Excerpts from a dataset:
┌────────
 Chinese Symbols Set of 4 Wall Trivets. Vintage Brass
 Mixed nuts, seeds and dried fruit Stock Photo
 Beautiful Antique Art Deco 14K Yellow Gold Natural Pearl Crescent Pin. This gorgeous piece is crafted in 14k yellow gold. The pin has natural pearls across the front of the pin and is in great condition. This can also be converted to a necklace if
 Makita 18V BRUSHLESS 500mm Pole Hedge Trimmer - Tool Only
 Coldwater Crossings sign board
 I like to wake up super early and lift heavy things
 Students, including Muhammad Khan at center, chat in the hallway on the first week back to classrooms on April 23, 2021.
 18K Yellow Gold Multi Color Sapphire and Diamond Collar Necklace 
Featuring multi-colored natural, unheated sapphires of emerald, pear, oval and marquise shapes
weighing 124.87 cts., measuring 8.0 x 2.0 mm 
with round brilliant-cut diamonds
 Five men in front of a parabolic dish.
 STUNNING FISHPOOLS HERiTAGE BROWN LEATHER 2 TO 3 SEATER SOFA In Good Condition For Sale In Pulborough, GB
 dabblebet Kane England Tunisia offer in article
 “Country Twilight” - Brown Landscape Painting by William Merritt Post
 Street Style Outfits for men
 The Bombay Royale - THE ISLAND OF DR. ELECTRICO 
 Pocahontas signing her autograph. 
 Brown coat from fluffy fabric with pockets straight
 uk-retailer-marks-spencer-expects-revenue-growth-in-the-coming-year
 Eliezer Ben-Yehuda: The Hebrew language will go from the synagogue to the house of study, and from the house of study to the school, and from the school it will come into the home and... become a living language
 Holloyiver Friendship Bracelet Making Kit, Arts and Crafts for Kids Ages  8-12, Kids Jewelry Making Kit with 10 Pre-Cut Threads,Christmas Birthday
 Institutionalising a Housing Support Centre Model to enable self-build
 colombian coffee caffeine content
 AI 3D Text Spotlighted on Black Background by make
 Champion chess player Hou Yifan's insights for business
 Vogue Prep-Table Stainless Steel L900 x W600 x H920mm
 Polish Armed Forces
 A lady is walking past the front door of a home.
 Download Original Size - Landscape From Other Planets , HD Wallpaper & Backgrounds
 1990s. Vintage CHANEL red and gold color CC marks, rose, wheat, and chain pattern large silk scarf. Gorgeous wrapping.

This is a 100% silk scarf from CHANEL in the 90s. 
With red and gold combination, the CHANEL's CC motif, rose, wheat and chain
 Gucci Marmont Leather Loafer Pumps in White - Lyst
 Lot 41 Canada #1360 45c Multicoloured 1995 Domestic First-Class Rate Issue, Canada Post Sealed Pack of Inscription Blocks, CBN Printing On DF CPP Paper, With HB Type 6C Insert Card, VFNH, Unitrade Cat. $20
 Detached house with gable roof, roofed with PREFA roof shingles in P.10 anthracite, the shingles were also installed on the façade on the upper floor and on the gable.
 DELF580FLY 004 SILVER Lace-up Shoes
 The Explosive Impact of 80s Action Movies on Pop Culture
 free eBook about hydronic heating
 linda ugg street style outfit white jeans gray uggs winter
└────────
_WORK TASK_
Each line above that includes "marks" counts once; state the total and nothing more.

_REPLY TO THE TASK_
2